Return all the lines below exactly as written. Drop every picture.

* **RAW DATA**:
-- Opening Marker --

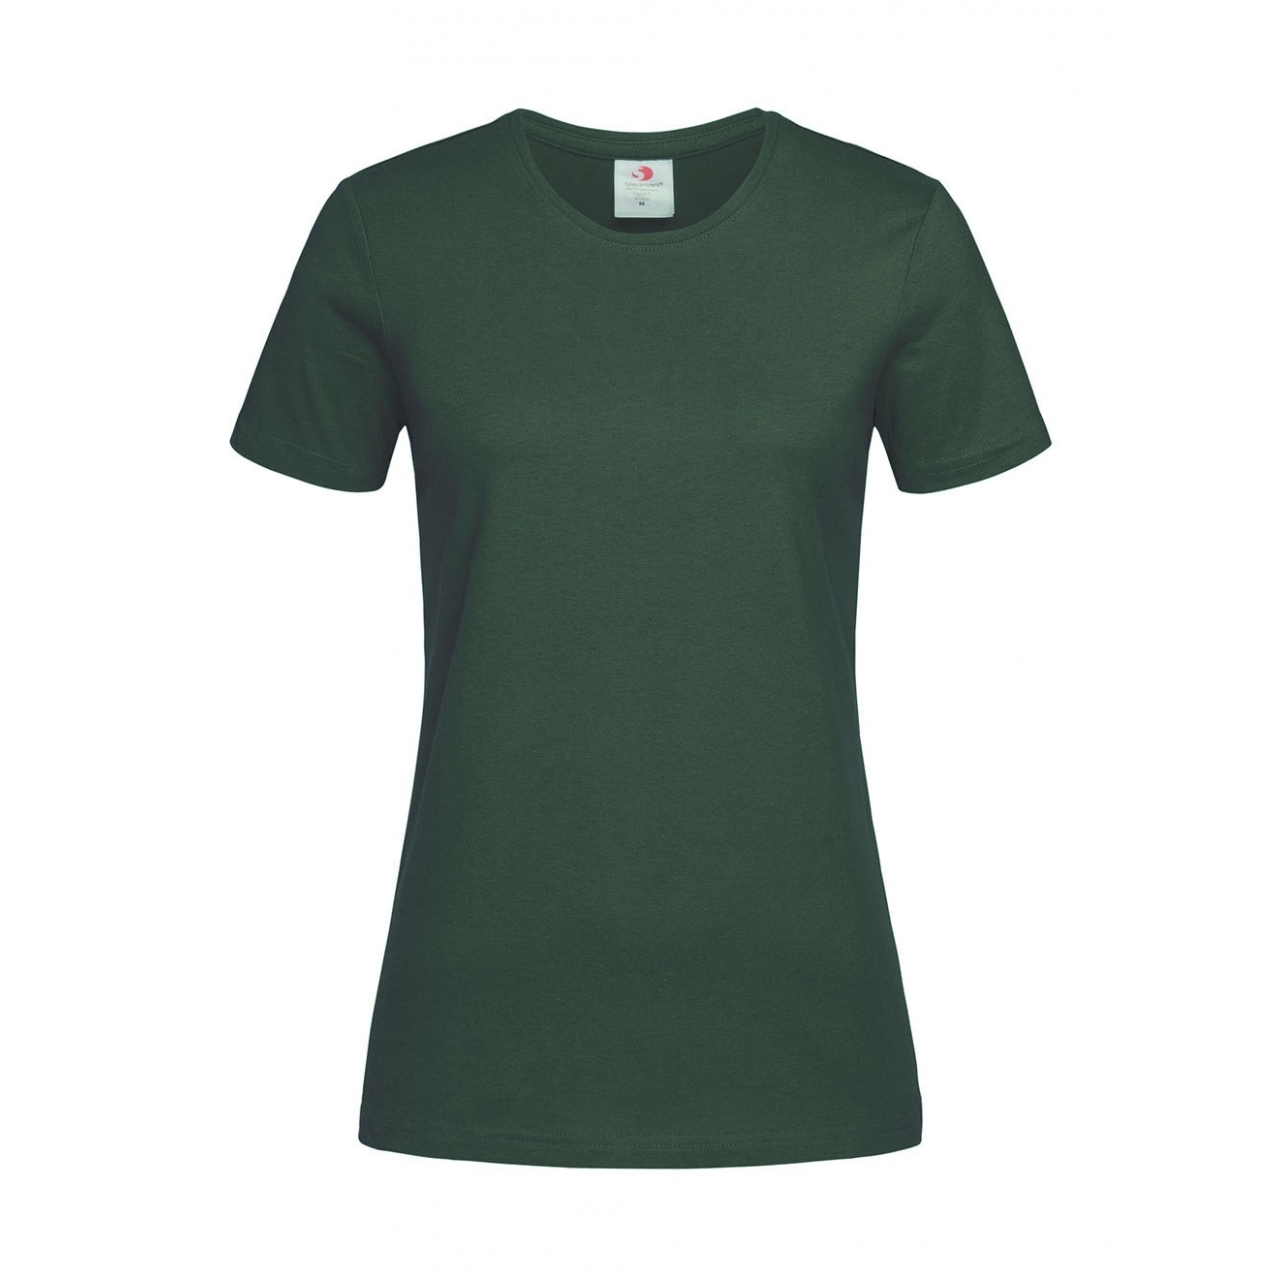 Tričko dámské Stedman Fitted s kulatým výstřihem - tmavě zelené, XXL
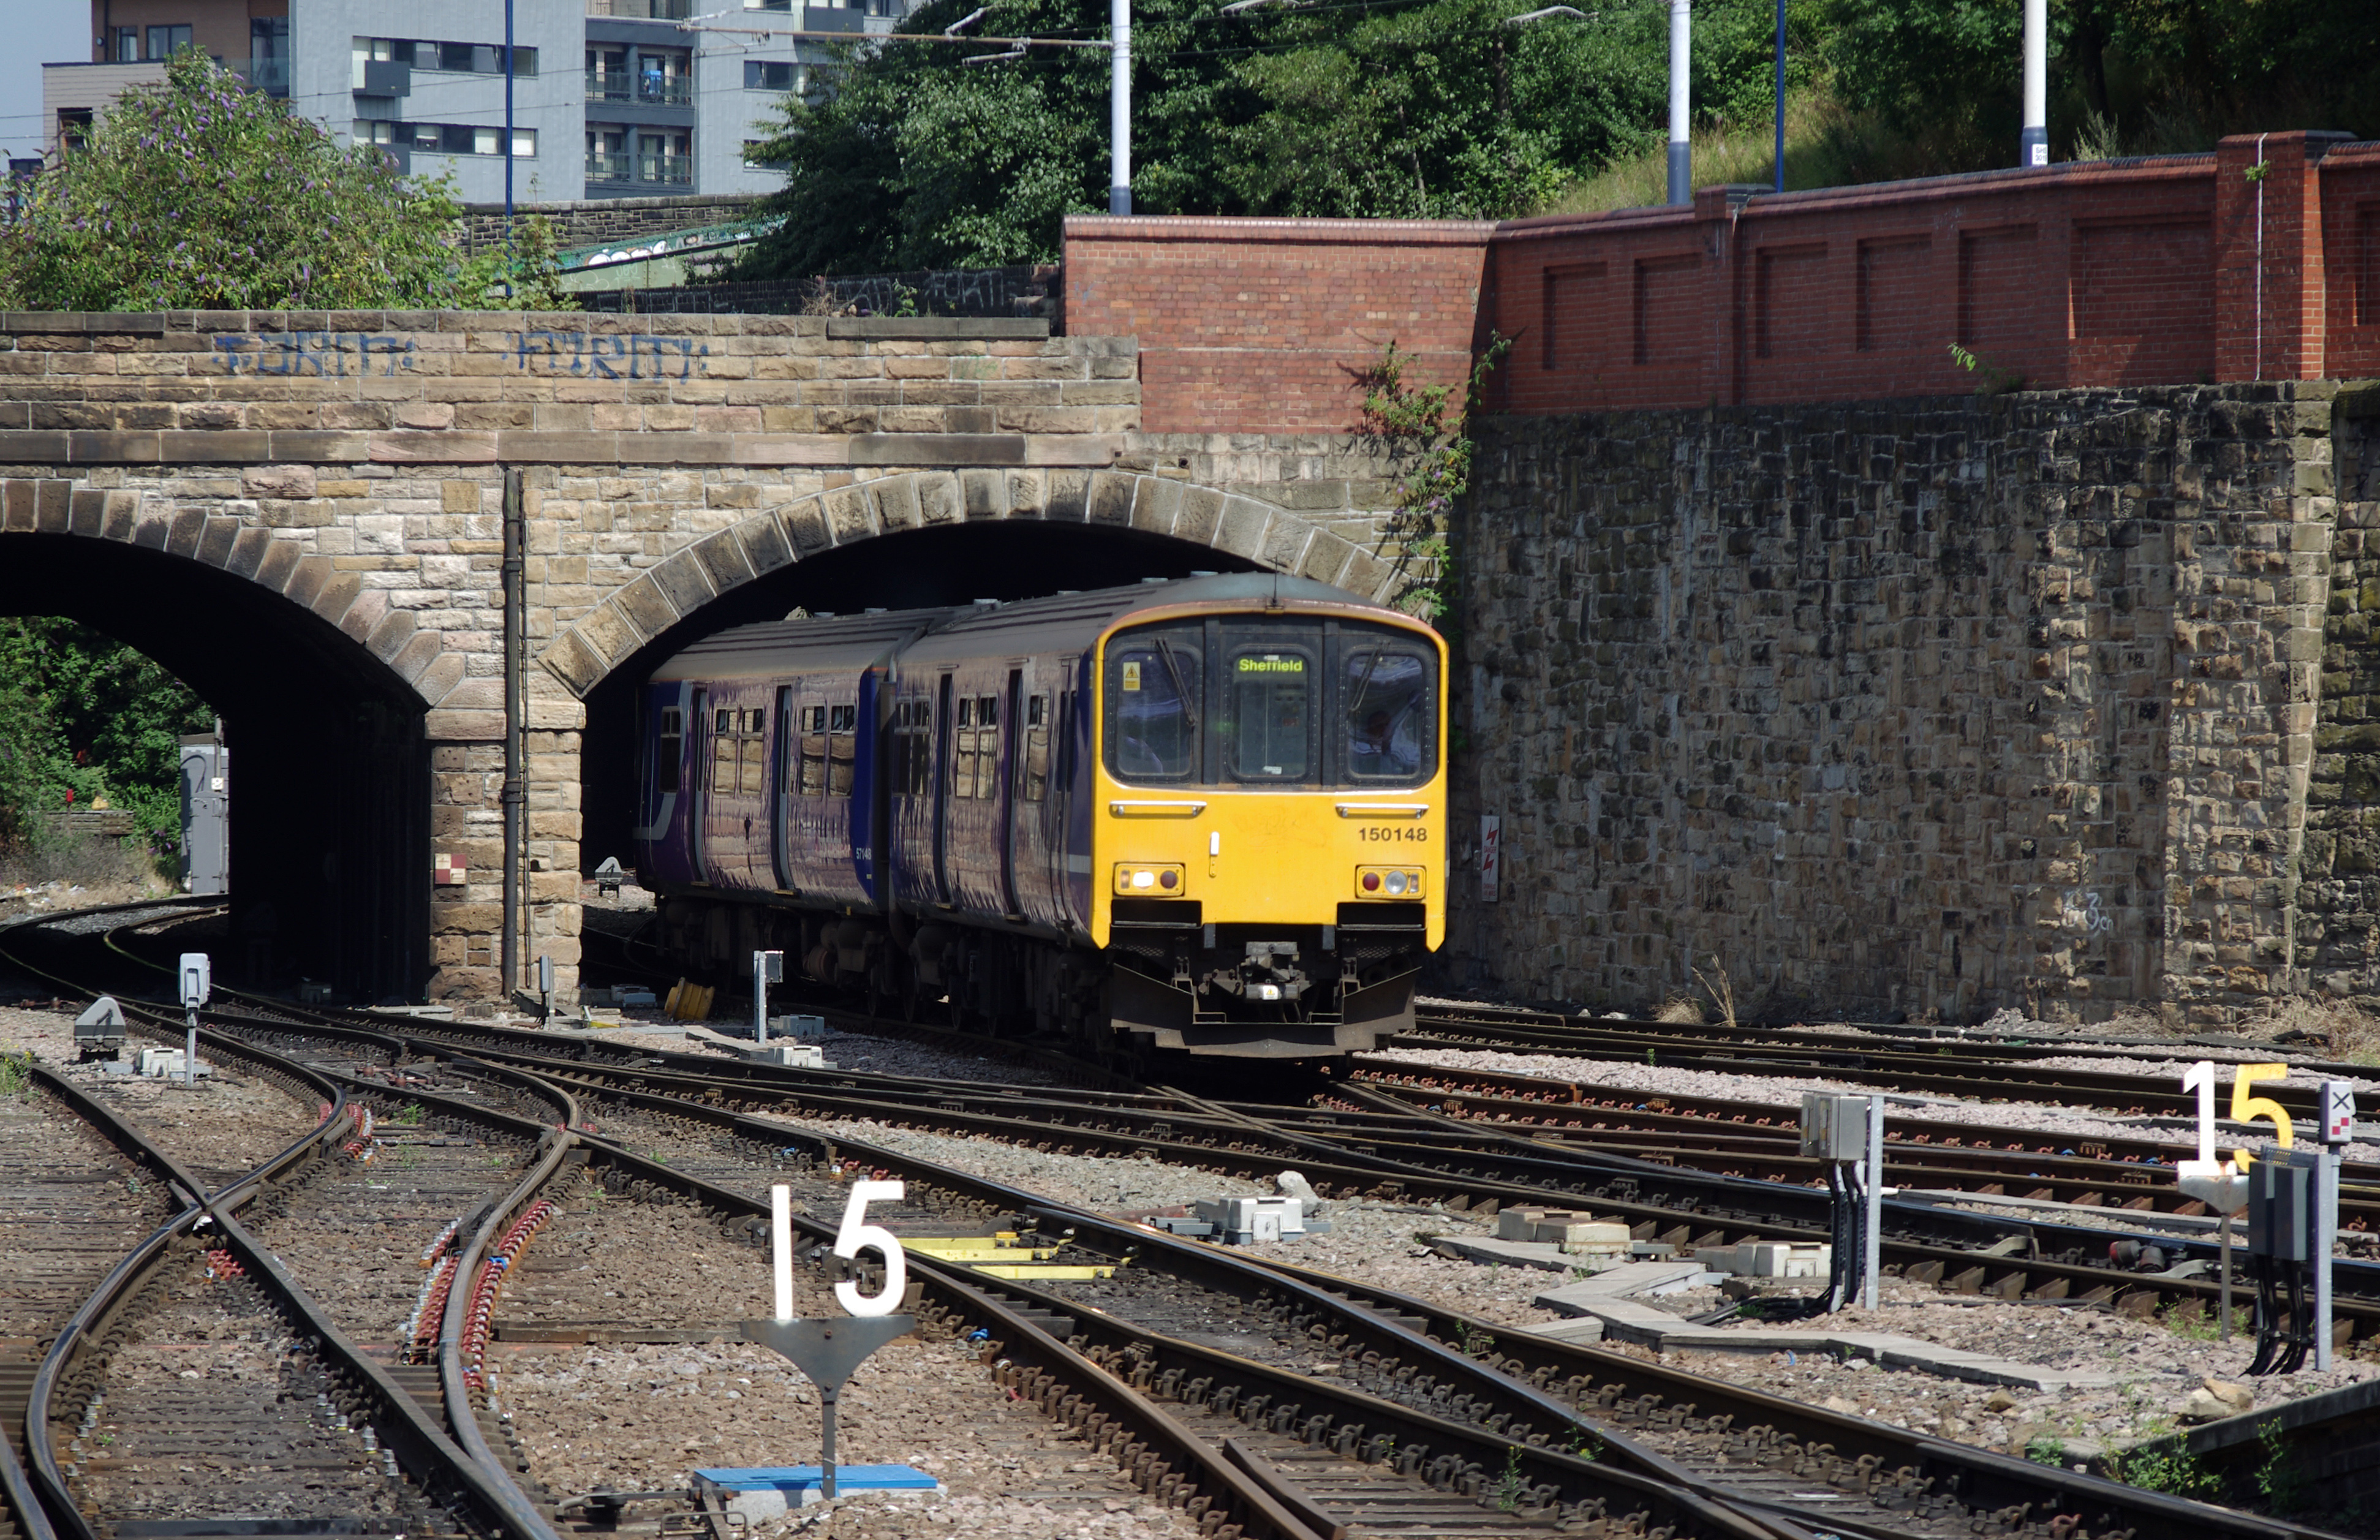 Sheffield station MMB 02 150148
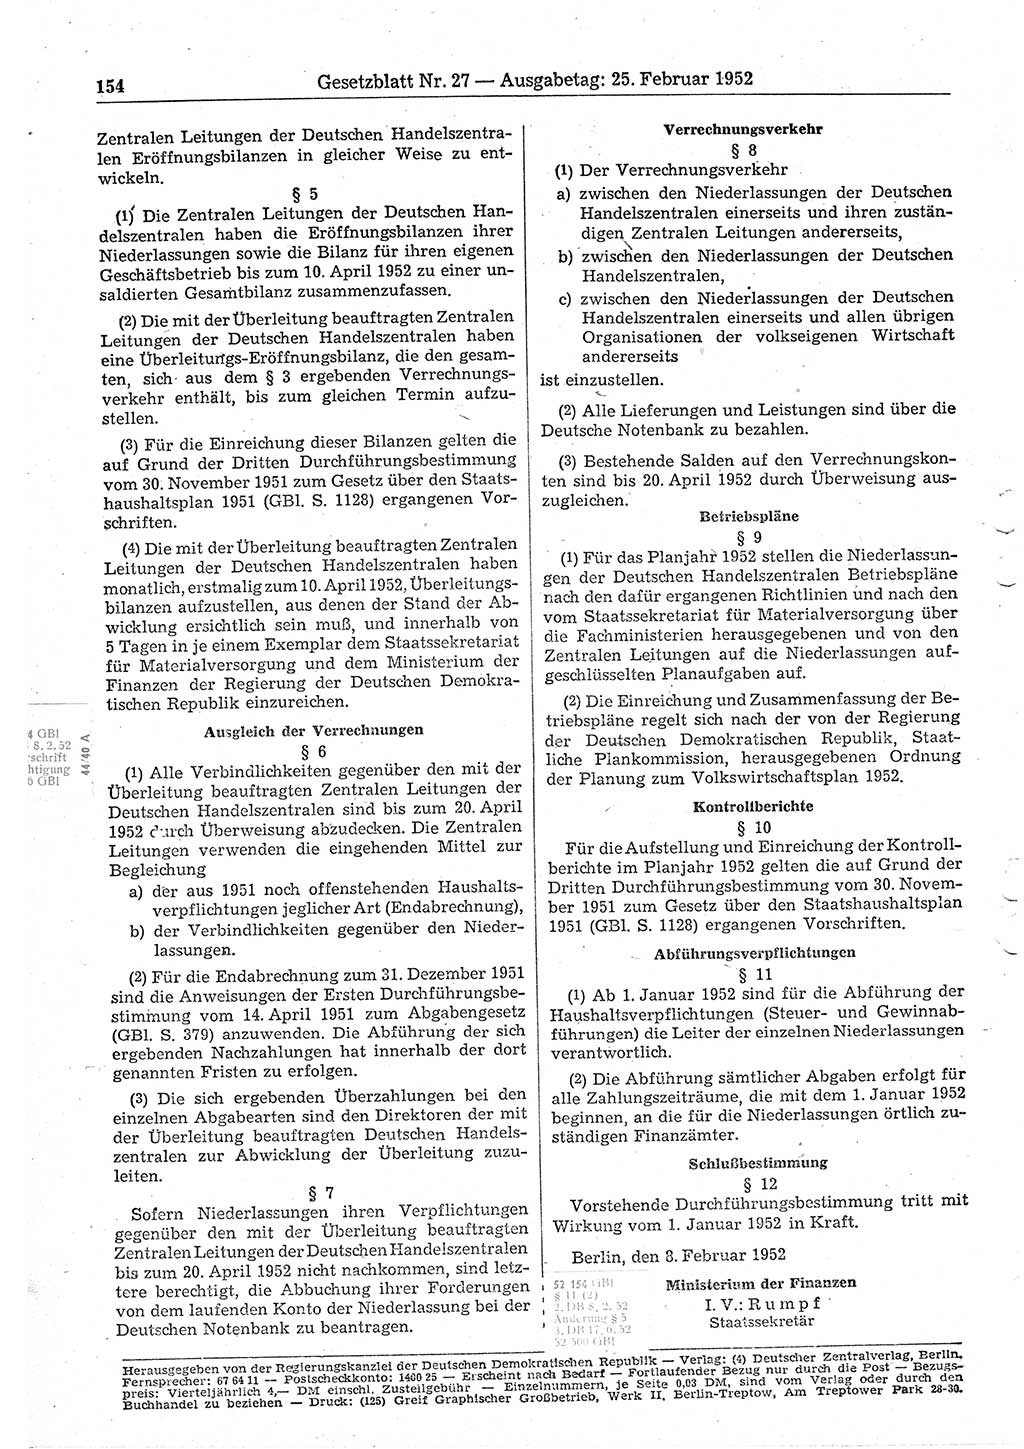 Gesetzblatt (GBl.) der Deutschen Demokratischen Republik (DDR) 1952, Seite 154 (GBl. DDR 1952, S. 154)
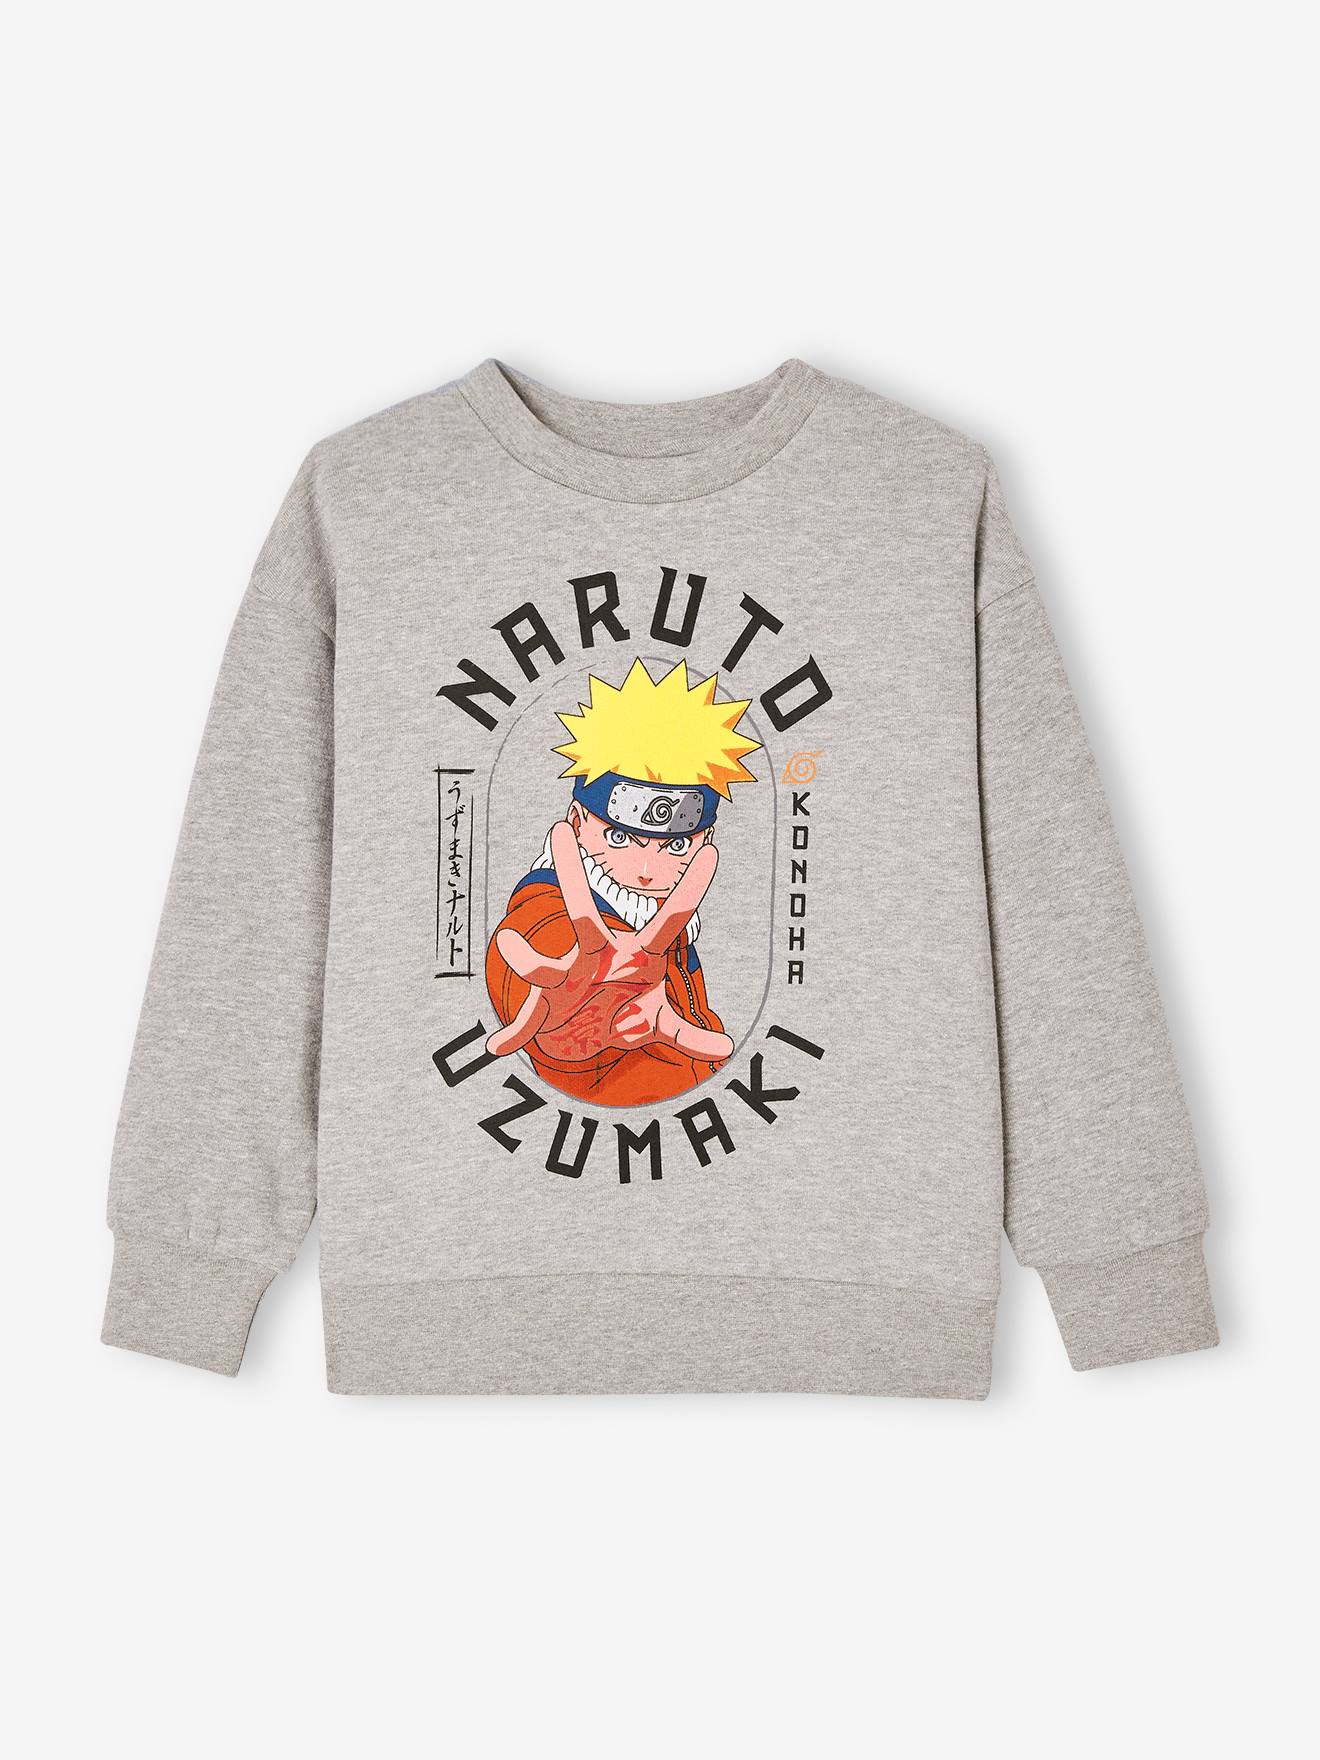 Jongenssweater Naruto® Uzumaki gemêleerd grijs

-- Closing Marker --

* **YOUR RESPONSE**:
 Tričko dámské Stedman Fitted s kulatým výstřihem - tmavě zelené, XXL
 Sheffield station MMB 02 150148
 Gesetzblatt (GBl.) der Deutschen Demokratischen Republik (DDR) 1952, Seite 154 (GBl. DDR 1952, S. 154)
 Jongenssweater Naruto® Uzumaki gemêleerd grijs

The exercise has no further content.